3 minute read
LE STRAVA DE LA DÉCONNEXION
mots :: Guillaume Rivest
photos :: Mathieu Dupuis
Sur mon canot, j’ai l’impression de voler. En solo sur un lac miroir, je glisse dans un silence quasi absolu. Chaque coup de pagaie me propulse sur une eau complètement calme tel un patineur sur une glace complètement vierge. À ce moment, la seule chose qui existe pour moi est le présent. Le poids du passé s’est effacé tranquillement au fur et à mesure que je faisais aller ma pagaie. Celui du futur a disparu en même temps que le signal cellulaire qui m’a quitté depuis plusieurs dizaines de kilomètres.
Dans ces moments, je relaxe, je reconnecte avec quelque chose d’immensément plus grand que moi : la nature. Les expéditions en canot me permettent cela. Loin du bruit constant qui anime nos vies, loin des notifications incessantes qui polluent nos existences, je décroche totalement.
Je ne suis pas exempt des impératifs du monde moderne. Je suis aussi connecté que n’importe qui. J’ai aussi un compte Strava qui enregistre la quasi-totalité de mes entraînements et les diffuse à large échelle. Je pousse parfois plus fort sur mes pédales lorsque j’arrive sur un segment dont le record me semble atteignable. Pourtant, cet exercice me semble parfois d’une grande futilité, comme si chaque entraînement non enregistré était un entraînement qui n’avait jamais eu lieu. Les records, les statistiques, les likes comme autant de distractions qui m’empêchent de vivre le moment présent. Je m’amuse parfois, sur des rivières très éloignées, à démarrer mon GPS sur certains portages afin de créer des segments qui sont uniquement accessibles après plusieurs jours de canot. Pour y détenir un record ? Non, les autochtones, des centaines d’années auparavant, étaient sans doute beaucoup plus rapides. Je le fais simplement pour attirer l’attention vers ces endroits que personne ne regarde, dans l’espoir naïf peut-être d’y attirer un pagayeur curieux.
Dans ce monde où presque tout est cartographié, où l’on s’arrache des FKT (Fastest Known Time), où l’on court après les premières mondiales, j’ai la chance de vivre dans un endroit relativement anonyme aux possibilités d’aventures sans fin. Mon pays, ce n’est pas un pays, c’est une gigantesque étendue d’eau. Avec ces 22 000 lacs et rivières, l’Abitibi-Témiscamingue me donne souvent l’impression d’être le seul humain sur la terre. Ce sentiment est rare de nos jours.

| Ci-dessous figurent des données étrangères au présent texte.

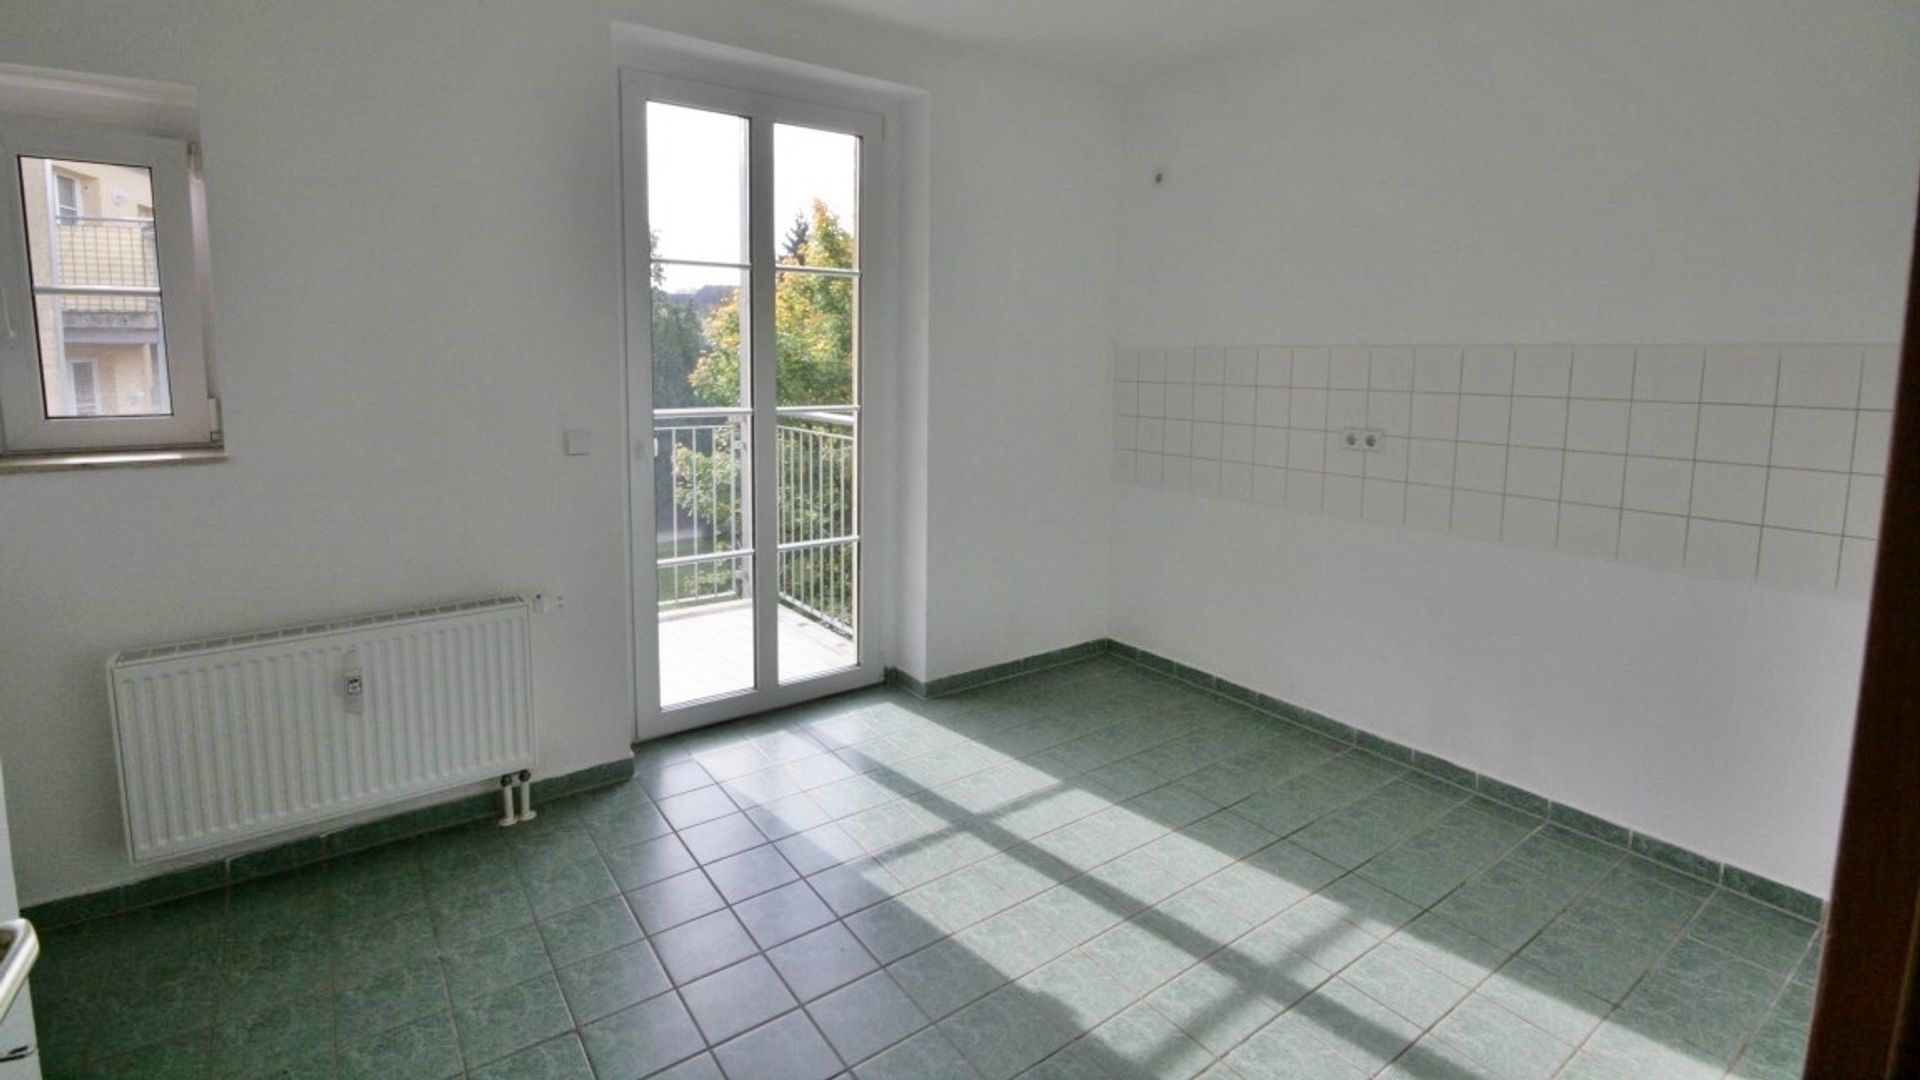 2 Bed Apartment At Neefestrasse 81a 09119 Chemnitz Germany

Par ailleurs, je mentirais si je vous disais que je n’ai pas d’idées de grandeur. Je rêve, comme plusieurs, aux grandes expéditions polaires ou à ces traversées épiques qui nous laissent des souvenirs indélébiles en tête. Pourtant, on oublie trop souvent que le plein air est beaucoup plus large que sa dimension sportive. Le plein air a aussi cet aspect introspectif, quasi spirituel, alors que le temps semble s’arrêter. L’espace d’une expédition de canot, les seules considérations sont : pagayer, manger, dormir. Bien sûr, j’aime me dépasser, mais j’aime aussi partir avec beaucoup trop de temps pour la distance à parcourir. J’aime m’arrêter en milieu de journée pour monter mon campement et apprécier la simple vue des silhouettes d’épinettes qui se détachent en contrejour du coucher de soleil et de ses couleurs flamboyantes. J’adore partir en canot à l’aube avec pour seul objectif d’écouter et d’observer. Après quelques heures, la nature s’anime tranquillement. Le castor retourne sur ses pas en quête de nourriture, le huard appelle son partenaire de vie au loin. Avec de la chance, j’entendrai peut-être un orignal et celui-ci viendra peut-être manger les plantes aquatiques au fond du lac devant moi. Parmi mes plus beaux moments : le cri d’une meute de loups au fin fond de nulle part dans le Témiscamingue profond.
La connexion avec la nature ne s’acquiert pas facilement. Elle prend du temps. Or, le temps est aujourd’hui de plus en plus rare. Les aspects sportifs et techniques du plein air empiètent malheureusement sur ceux de la relaxation et de la contemplation. Pourquoi en est-il ainsi ? Parce qu’on peut s’acheter une meilleure pagaie, mais on ne peut pas s’acheter une meilleure capacité d’introspection. Les équipes marketing font bien leur travail. Elles réussissent à nous vendre l’idée que la connexion avec la nature s’achète grâce à l’équipement approprié. Pourtant, les coureurs des bois et les autochtones expérimentaient ce lien avec leur environnement bien avant l’avènement des pagaies en carbone ou des voitures à traction intégrale. La connexion avec la nature se vit avec le temps, et le temps libre ne s’achète pas.